There were many other teams who developed cool apps. For instance one team made a little app for voice control of a light switch using a Raspberry Pi, and another team had devised an “AI shopper” that will remind you to buy stuff that you have forgotten to put on your shopping list. One entry was a kind of recommendation system for what education you should pursue, based on comparing a user-submitted text against a model trained on papers from people in different careers, and another one was an app for quantifying the average positive/negative/neutral sentiments found in tweets from different accounts (e.g. NASA had very positive tweets on average whereas BBC News was fairly negative).

All in all, a nice experience, and it was good to take a break from the Stockholm scene and see what’s going on in my old home town. Good job by Jason Dainter and the other organizers!

GitXiv – collaborative open source computer science

Just wanted to highlight GitXiv, an interesting new resource that combines paper pre-print publication, implementation code and a discussion forum in the same space. The About page explains the concept well:

In recent years, a highly interesting pattern has emerged: Computer scientists release new research findings on arXiv and just days later, developers release an open-source implementation on GitHub. This pattern is immensely powerful. One could call it collaborative open computer science (cocs).
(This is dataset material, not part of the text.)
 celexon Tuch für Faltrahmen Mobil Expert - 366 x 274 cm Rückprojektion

GitXiv is a space to share links to open computer science projects. Countless Github and arXiv links are floating around the web. Its hard to keep track of these gems. GitXiv attempts to solve this problem by offering a collaboratively curated feed of projects. Each project is conveniently presented as arXiv + Github + Links + Discussion. Members can submit their findings and let the community rank and discuss it. A regular newsletter makes it easy to stay up-to-date on recent advancements. It´s free and open.

The feed contains a lot of yummy research on things like deep learning, natural language processing and graphs, but GitXiv is not restricted to any particular computer science areas – anything is welcome!
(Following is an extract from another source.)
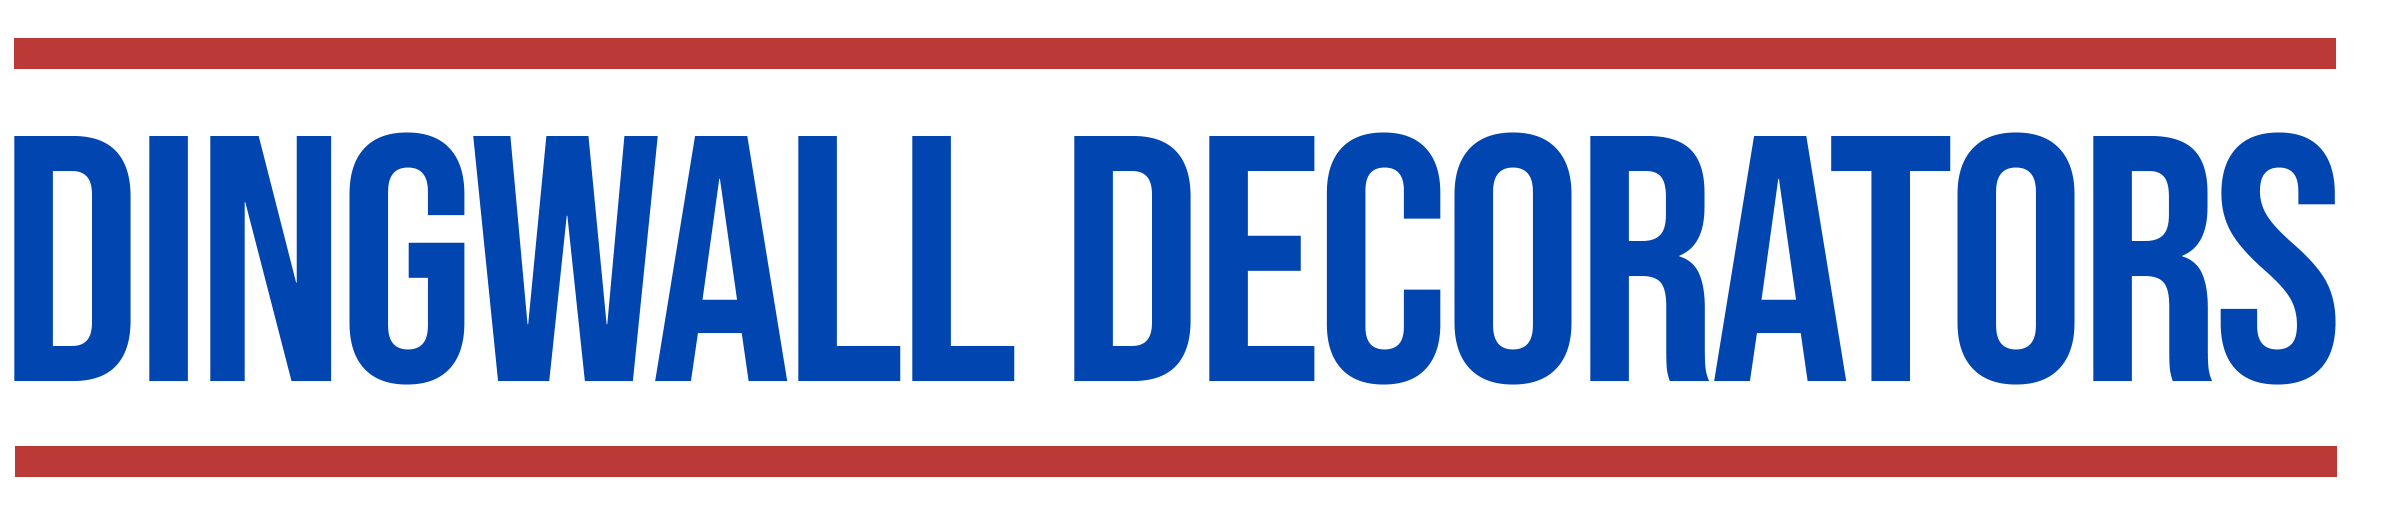 Dingwall Decorators Logo

Neural networks hallucinating text

I’ve always been a sucker for algorithmic creativity, so when I saw the machine generated Obama speeches, I immediately wanted to try the same method on other texts. Fortunately, that was easily done by simply cloning the char-rnn repository by Andrej Karpathy, which the Obama-RNN was based on. Andrej has also written a long and really very good introduction to recurrent neural networks if you want to know more about the inner workings of the thing.

I started by downloading an archive of all the posts on this blog and trained a network with default parameters according to the char-rnn instructions. In the training phase, the network tries to learn to predict the next character in the text. Note that it does not (initially) know anything about words or sentences, but learns about those concepts implicitly with training. After training, I let the network hallucinate new blog posts by sampling from the network state (this is also described on the GitHub page). The network can be “primed” with a word or a phrase, and a temperature parameter controls how conservative or daring the network should be when generating new text. Essentially a low temperature will give a repetitive output endlessly rehashing the same concepts (namely, the most probable ones based on the training data) while a high temperature will output more adventurous stuff such as weird new “words” and sometimes imaginary hyperlinks (if links were included in the input).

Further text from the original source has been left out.